A fresh mix of data creates new insights
Although big data as a concept signifies a vast and abstract mass of potential solutions across industries, Mark van Rijmenam, from the big data platform Datafloq, advocates increasing the use of the term mixed data instead. He claims that companies can get the most out of data by combining different data sets, not only from their own processes, but also from external and public sources.
Choosing an optimal data-driven approach is a promising but tricky challenge for companies. Many question what data source is best for a particular process and how should the data be analyzed. In addition to employing and mixing a company’s own data resources, Mark van Rijmenam sees possibilities in going one step further and looking for useful data beyond company borders.
“Combining data sources, what I call mixed data, is becoming more common as many companies are beginning to combine their internal and external data sources. If a company has detailed information on its customers and external macro-factors that influence demand, be it geopolitical news or market crises, it is able to optimize its inventory further”, van Rijmenam explains.
Van Rijmenam continues by highlighting one consumer business company, which is already proceeding full-steam with mixed data, and could provide a model for companies in the manufacturing business as well.

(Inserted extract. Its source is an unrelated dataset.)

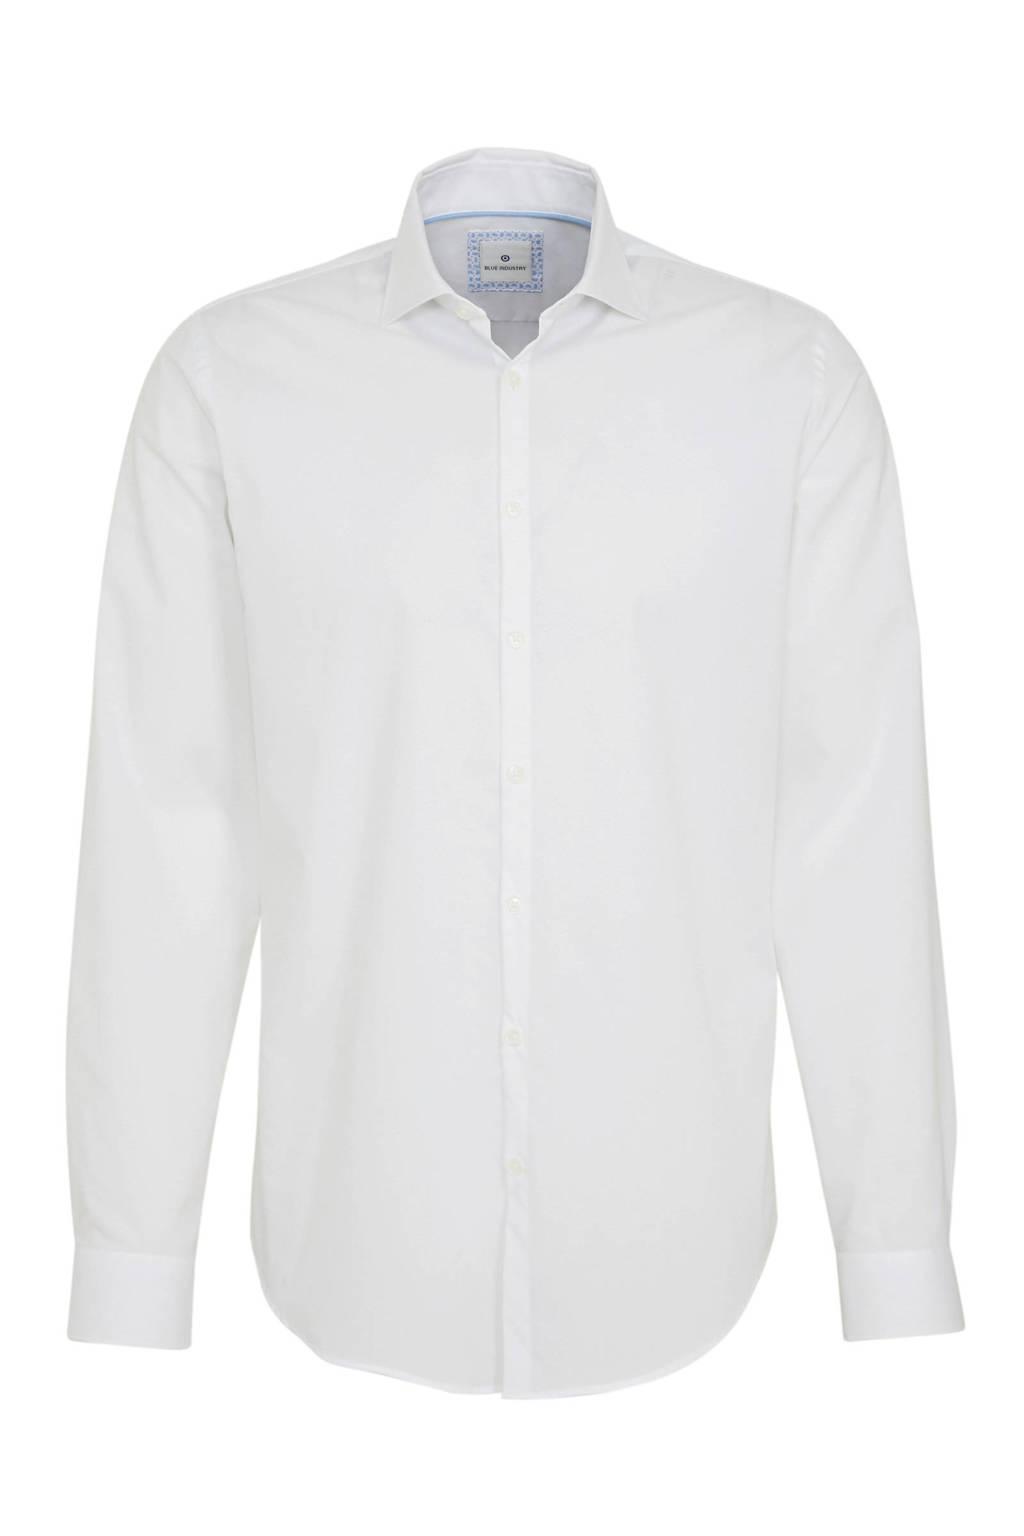 Blue Industry slim fit overhemd wit, Wit

“One of the best examples of a company utilizing mixed data is Walmart. They have been able to optimize their up-to-the-minute inventory per location based on all kinds of internal and external data sources. This method is completely scalable to all industries: if you have data on a product that you have developed and it’s compiled of different raw materials, you already have a few useful data sources at your disposal. Any company can use similar data sets to further optimize their inventory on the basis of, for example, the price level of raw materials, demand or weather conditions.”
This type of data mixing, which draws and combines data from different sources is already in use in a specific area of energy production, which is most susceptible to the forces of nature.
“A Swedish wind energy company uses big data to find the right spots for the mills by analyzing wind and current patterns and temperature over the sea and connecting this to data regarding energy prices. They have also used predictive maintenance to get rid of the need to fly out with a helicopter every once in a while to see what’s going on. The sensors tell the company when and what kind of maintenance is needed.”
In order to reach their full potential in all industries, the industrial internet and big data analysis demand the right technology. Van Rijmenam considers the level of technology to be advancing at a sufficient rate to make this progress happen in various industries.
“Many different start-ups and long-running companies are currently developing smart algorithms by using machine learning and artificial intelligence to achieve deep insight by combining different data sets. During the next few years we will see an exponential growth in the development of smart algorithms, as more companies will dive into this field. We’re almost reaching a tipping point, as more and more industries are realizing the importance of big data and the industrial internet, and start raising the demand for the right technology.”
Key requirements and benefits of a data-driven culture
According to Mark van Rijmenam, a company that wants to start applying big data in its processes needs to implement a new type of thinking across the whole organization.
“In order to work with big data, an organization, including the board, has to have a shared understanding of what big data is and what it can be used for. The result of this should be a data-driven culture, where each department relies on the data that is being analyzed and uses that insight as the basis for decision-making. It should also be ensured that the data and the algorithms created are reliable and correct.”
Van Rijmenam notes that the benefits of exploring your business through big data are available to all industries.
In order to work with big data, an organization, including the board, has to have a shared understanding of what big data is and what it can be used for. The result of this should be a data-driven culture, where each department relies on the data that is being analyzed and uses that insight as the basis for decision-making.
“Certain benefits apply across all industries: getting to know your customers better, recognizing your risks and optimizing your inventory or operation. For example, in process industries involving material handling, big data helps companies to monitor their products and equipment better. Sensors allow you to know exactly where everything is. By combining this insight with data on how employees work or how the products are used, companies can optimize safety and improve efficiency in their inventory.”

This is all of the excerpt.